Authors: Dr Shamim Khurrum Azmi (M.S), Dr Talat Fatma (M.D), Dr Jagdish Chandra (M.S)

 DOI:  https://dx.doi.org/10.18535/jmscr/v5i3.117

Abstract

Aim: To establish that laparoscopy is important modality of diagnosis and treatment in all cases of abdominal tuberculosis and can be life saving in certain grave and complicated cases.

Design: Prospective study done at department of surgery, Darbhanga Medical College and Hospital, Bihar from 2011- 2015. Cases were analyzed in terms of demography, clinical features, investigations, operative treatment, and outcome.

Materials and Methods:  80 patients with abdominal tuberculosis having age between 10yrs to 80 yrs age were included in the study. Among these there were 55 %( n=44) male patients and 45% (n=36) female patients with abdominal tuberculosis.

All the patients were subjected to detailed history and clinical examination followed by investigations and diagnostic laparoscopy.

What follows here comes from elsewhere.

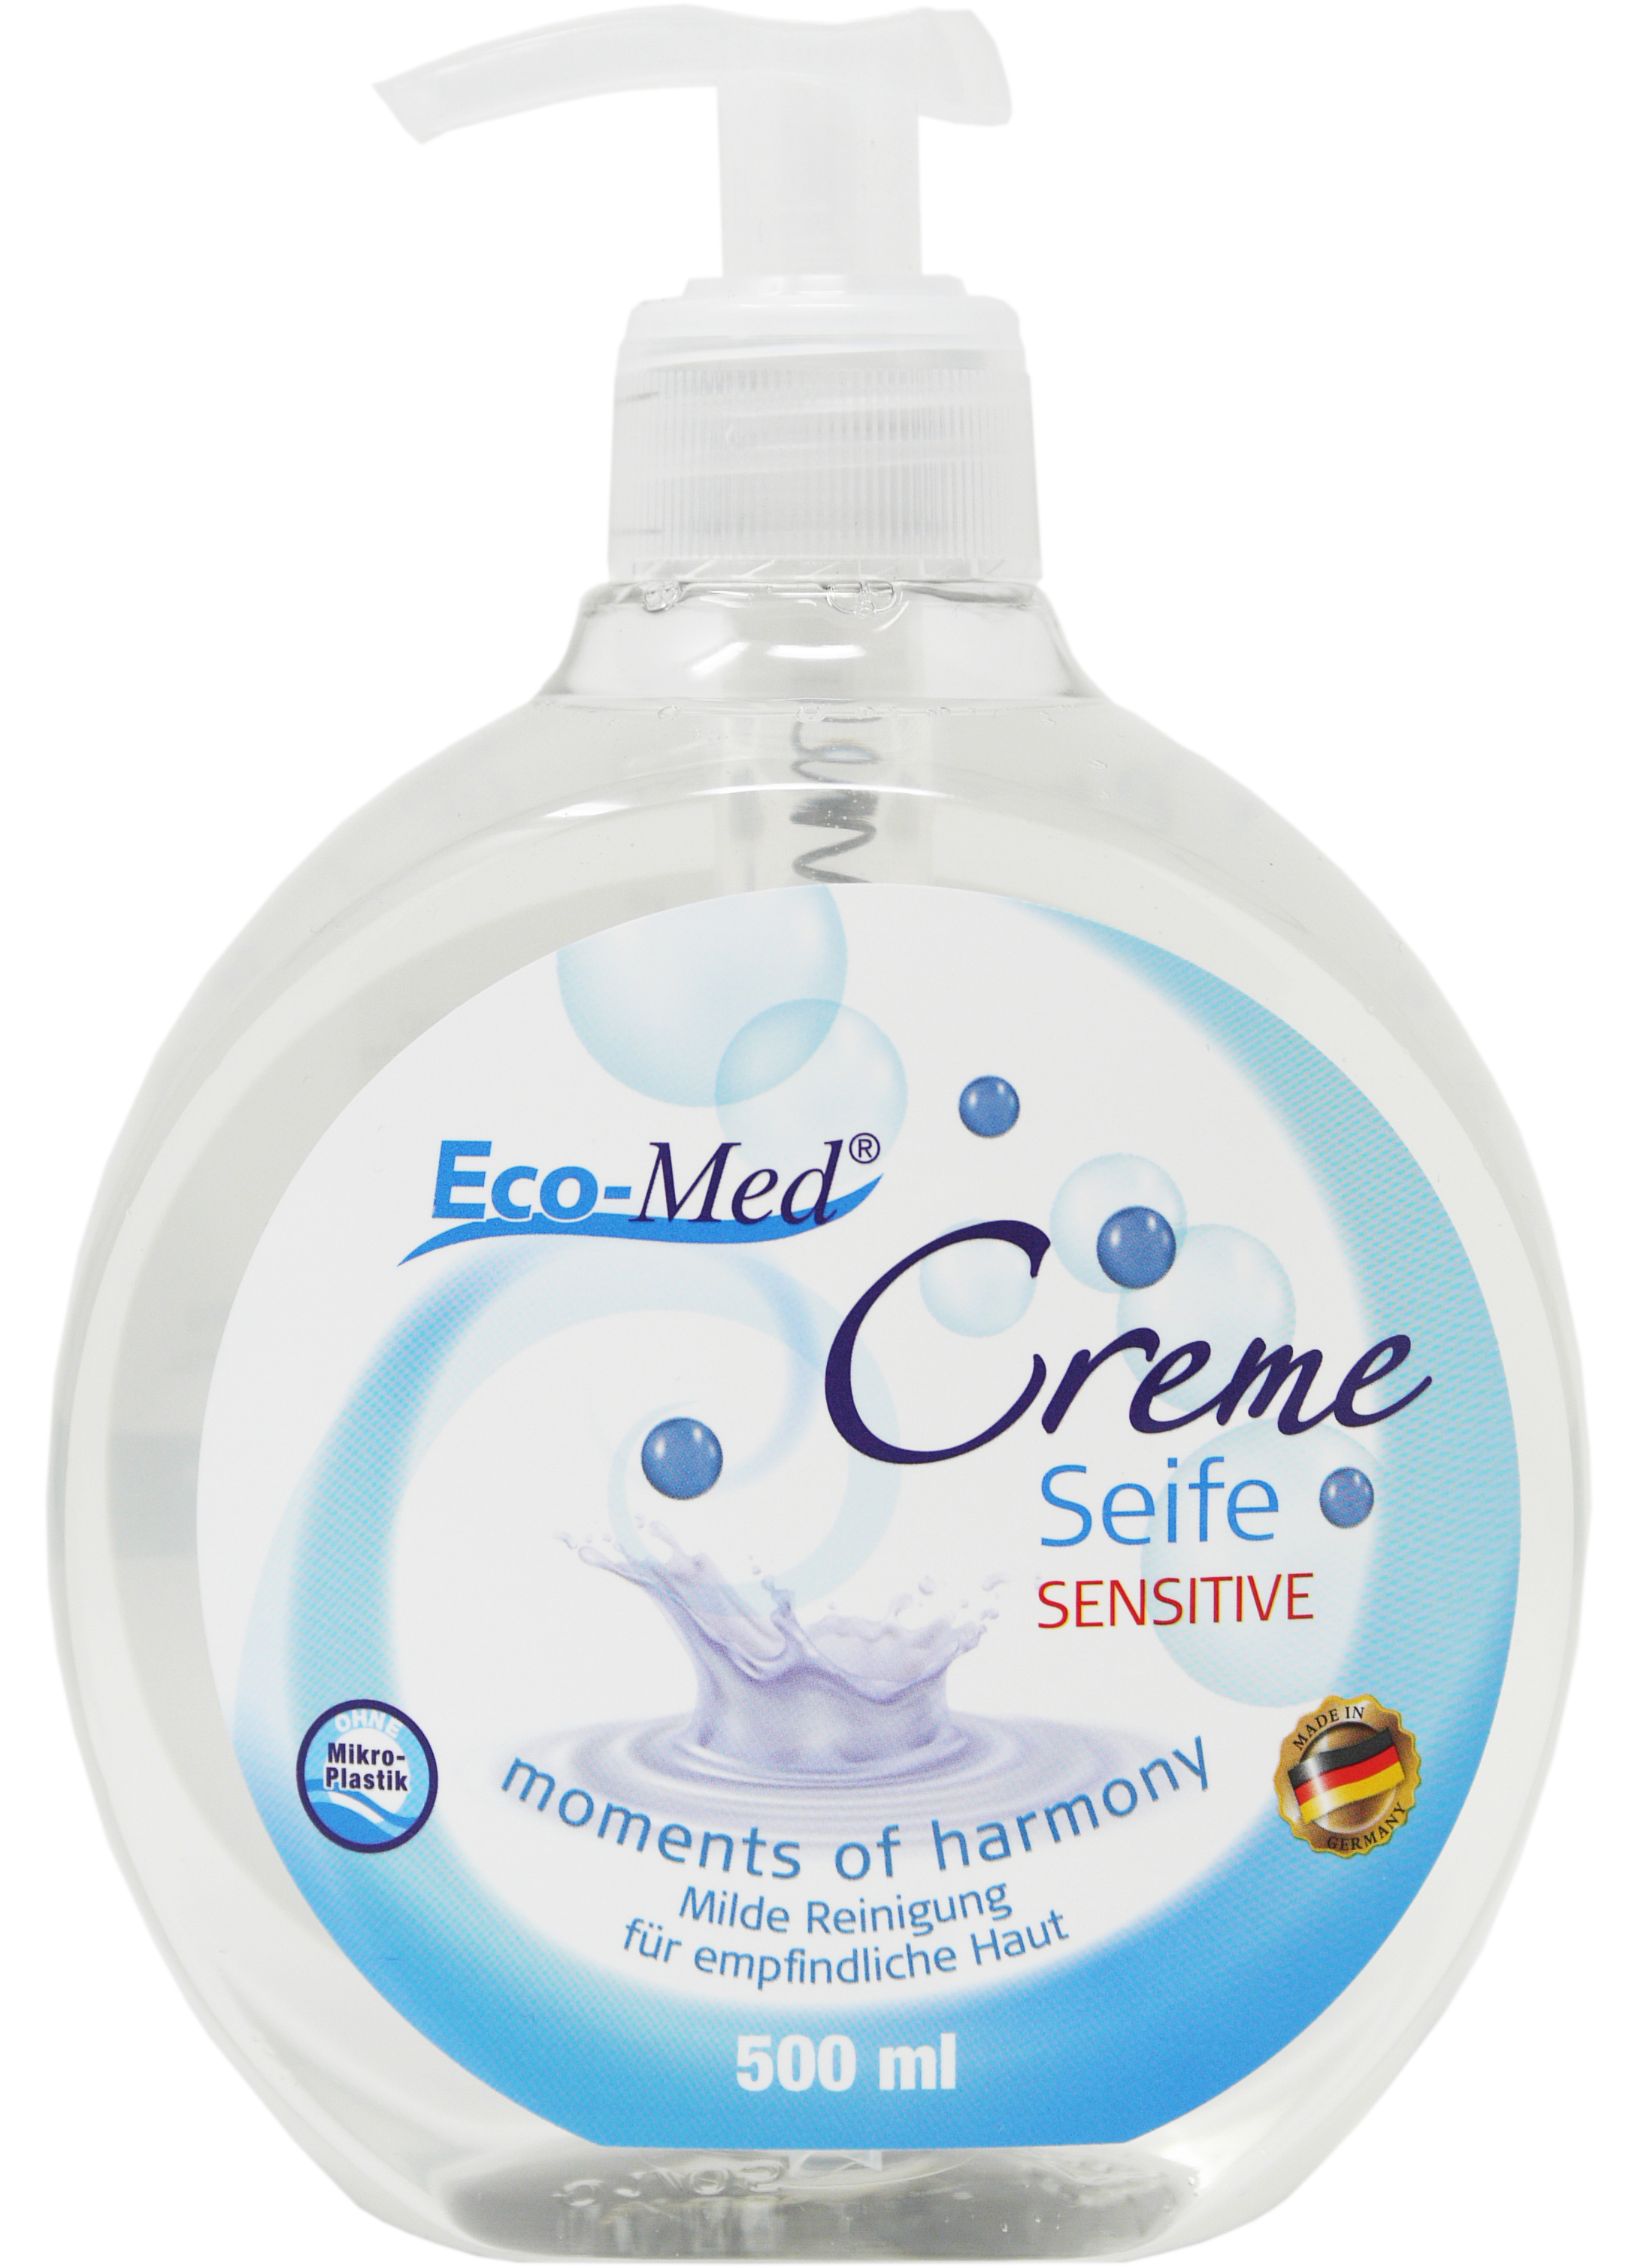 01620 - Eco-Med Cremeseife 500 ml - moments of harmony - sensitive

Diagnostic laparoscopy was done to confirm the diagnosis. The following features seen by laparoscopy supports the diagnosis of abdominal tuberculosis:

  • Ascitic fluid in Peritoneal Cavity
  • Adhesions & Bands in Peritoneum
  • Tubercles
  • Stricture
  • Enlargement of mesenteric lymph node

Histopathology: biopsy of lymph nodes was sent for histopathological examination for final confirmation of diagnosis of tuberculosis.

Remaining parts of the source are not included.